When members join/leave or partitions change, Kafka reassigns partitions across the group. During a "stop-the-world" rebalance, consumers pause processing, which spikes lag; in-flight work may be reprocessed by the new owner (duplicates). Frequent rebalances (from slow processing tripping max.poll.interval, flapping instances, or scaling) cause instability. Mitigations: cooperative/incremental rebalancing, static group membership, tuning poll intervals, and keeping processing time per poll bounded.

Retry with exponential backoff a bounded number of times (ideally on a separate retry topic to avoid blocking the partition), then route the message to a dead-letter topic with metadata (error, stack, original offset) for later inspection and replay. Never block a partition indefinitely on one message, since Kafka's ordering means everything behind it stalls. Alert on DLQ growth and build tooling to reprocess after a fix.

Base it on target throughput (partition count sets max consumer parallelism and roughly caps throughput), key cardinality (enough partitions to distribute keys without hotspots), and ordering needs (per-key order requires keying). More partitions improve parallelism but increase broker overhead (open files, leader elections, end-to-end latency, rebalance time) and memory. Over-provision modestly since increasing partitions later changes key→partition mapping (breaking ordering) and decreasing is not supported.

Log compaction retains only the latest message per key (instead of deleting by time), so the topic becomes a durable, replayable snapshot of the current value for every key. It's ideal for changelogs, database CDC streams, and materialized state (e.g. a topic that always holds each user's latest profile). Consumers can rebuild full state by reading a compacted topic from the start. Tombstones (null values) delete keys.

Checkout writes the order and an outbox event in one DB transaction; CDC publishes to an orders topic keyed by order ID (per-order ordering). Downstream services (inventory, billing, email) consume with at-least-once semantics and idempotent handlers (dedup on order/event ID, upserts). Use acks=all + replication for durability, retries with backoff and a DLQ for failures, and monitor consumer lag. For multi-step workflows use the saga pattern with compensating actions rather than distributed transactions.
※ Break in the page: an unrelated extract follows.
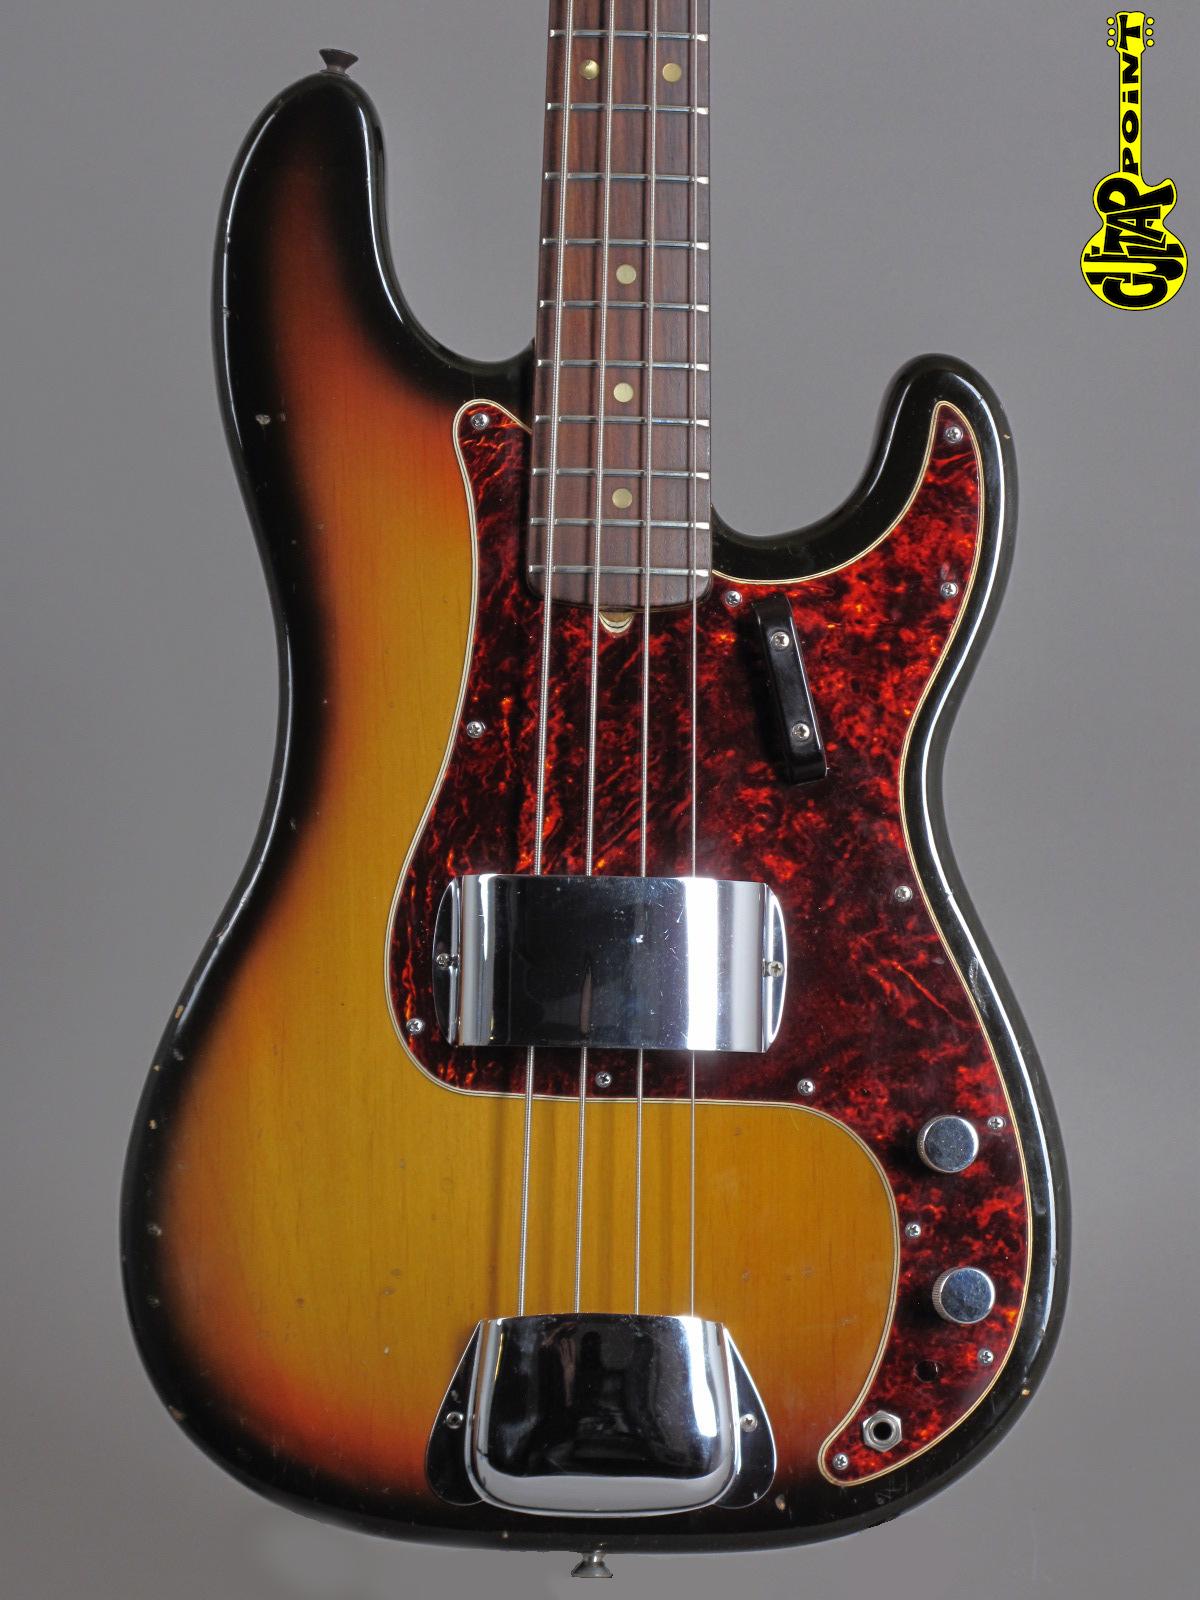 1971 Fender Precision Bass - Sunburst

This yields no loss (outbox + durable log) and no visible duplicates (idempotency).

Kafka's durable log inherently buffers: producers keep appending and consumers fall behind (lag grows) but nothing is lost within retention. To handle it you scale consumers (up to partition count), optimize per-message processing, increase partitions for more parallelism, or shed/route load. If retention could expire before consumption, you risk losing unprocessed data, so alert on lag approaching retention. Unlike bounded in-memory queues, Kafka pushes back via disk/retention rather than blocking producers, so capacity planning of retention and consumer throughput is essential.

Strict ordering forces messages of a given key onto one partition consumed by one thread, capping that key's throughput and creating hotspots for skewed keys. Relaxing to per-key (rather than global) ordering restores parallelism. Fully unordered processing maximizes throughput but requires the logic to be order-independent. In-order retries also serialize a partition. The design lever is choosing the smallest ordering scope your correctness requires (global → per-key → none) to unlock parallelism.